The L-S model, widely used in the valuation of Aos, shows limitations in capturing the complexity and dynamics of the financial market. This can lead to investment decisions that do not adequately reflect the financial market conditions. In contrast, ML algorithms, when trained with large amounts of historical data and using advanced techniques, can significantly improve the accuracy of predictions for the value of Aos.
Despite the remarkable advances achieved with these ML models, it is important to recognize that challenges and limitations still need to be addressed. Although the predictive values of the ML algorithms used in this work show a lower RMSE compared to the L-S model, implementing more sophisticated techniques is required to reduce it further.
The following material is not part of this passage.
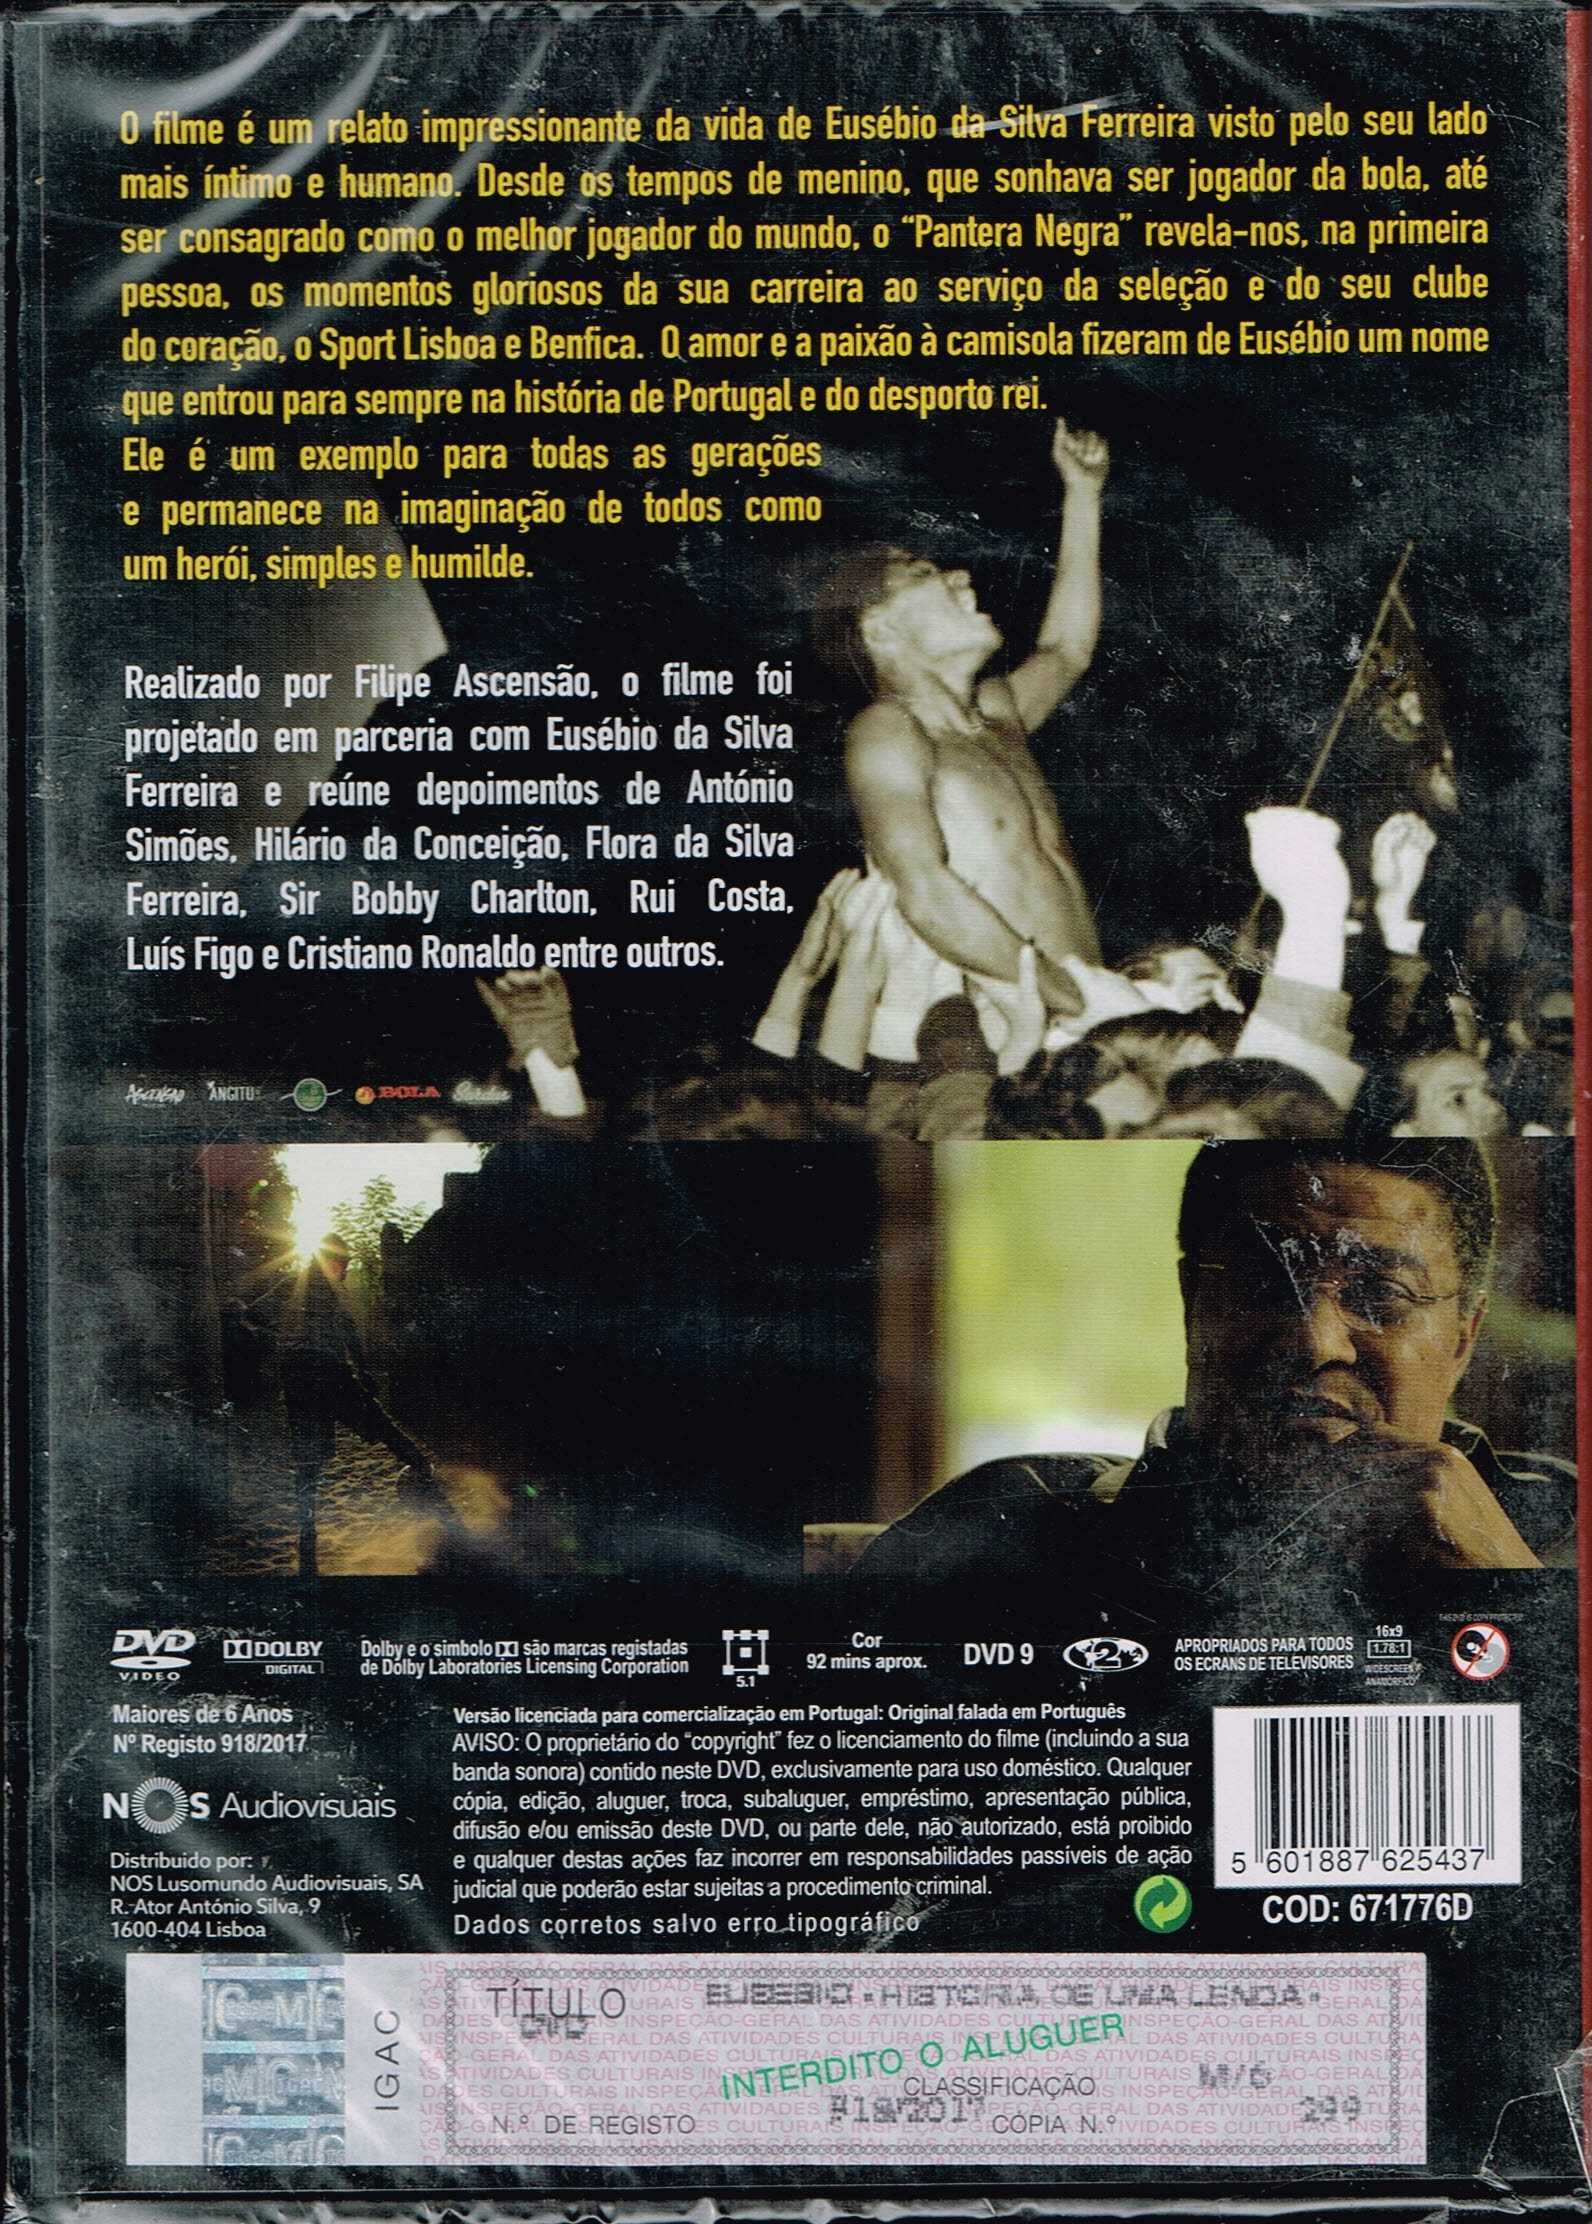 DVD: Eusébio História de Uma Lenda - NOVO! SELADO!
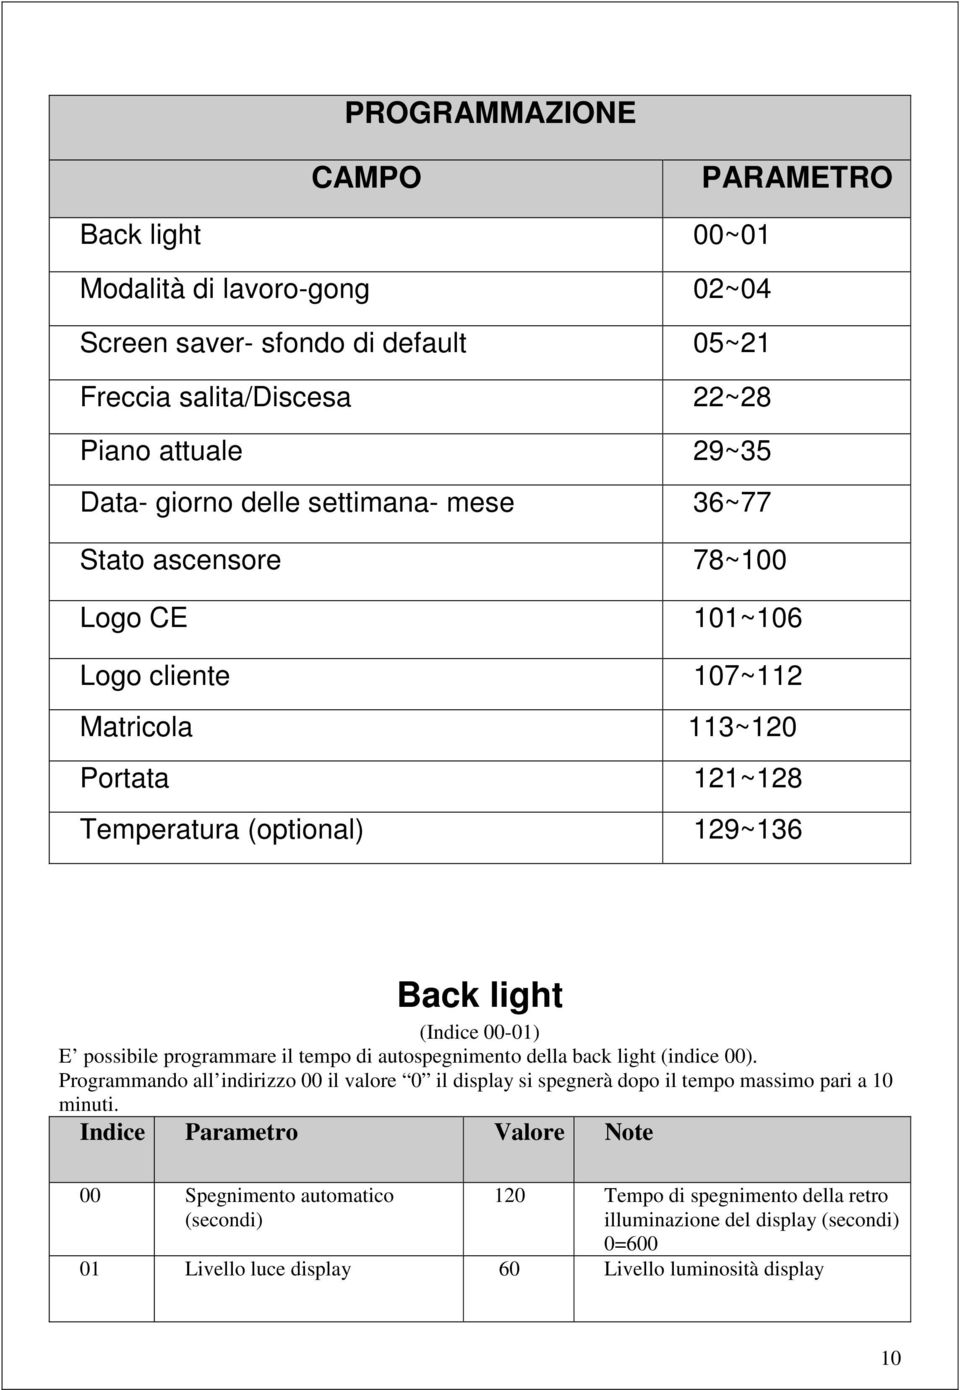 E possibile programmare il tempo di autospegnimento della back light (indice 00).

Accurate prediction is of great relevance in the context of Aos, where errors can have significant consequences, such as financial losses, arbitrage opportunities, impacts on investment strategies, and increased volatility in the financial market.
Moreover, it is worth noting that while the ML algorithms used have been shown to predict better than the L-S model, further research is needed to determine whether they achieve superior results compared to hybrid models, which have been applied by various authors in recent years.
Finally, this ML approach to price Aos faces the inability to derive hedging strategies and optimal exercise conditions. To address these gaps and enhance the ML models' practical relevance, future efforts could explore integrating deep reinforcement learning to identify optimal exercise policies or developing hybrid models that combine ML with traditional financial frameworks.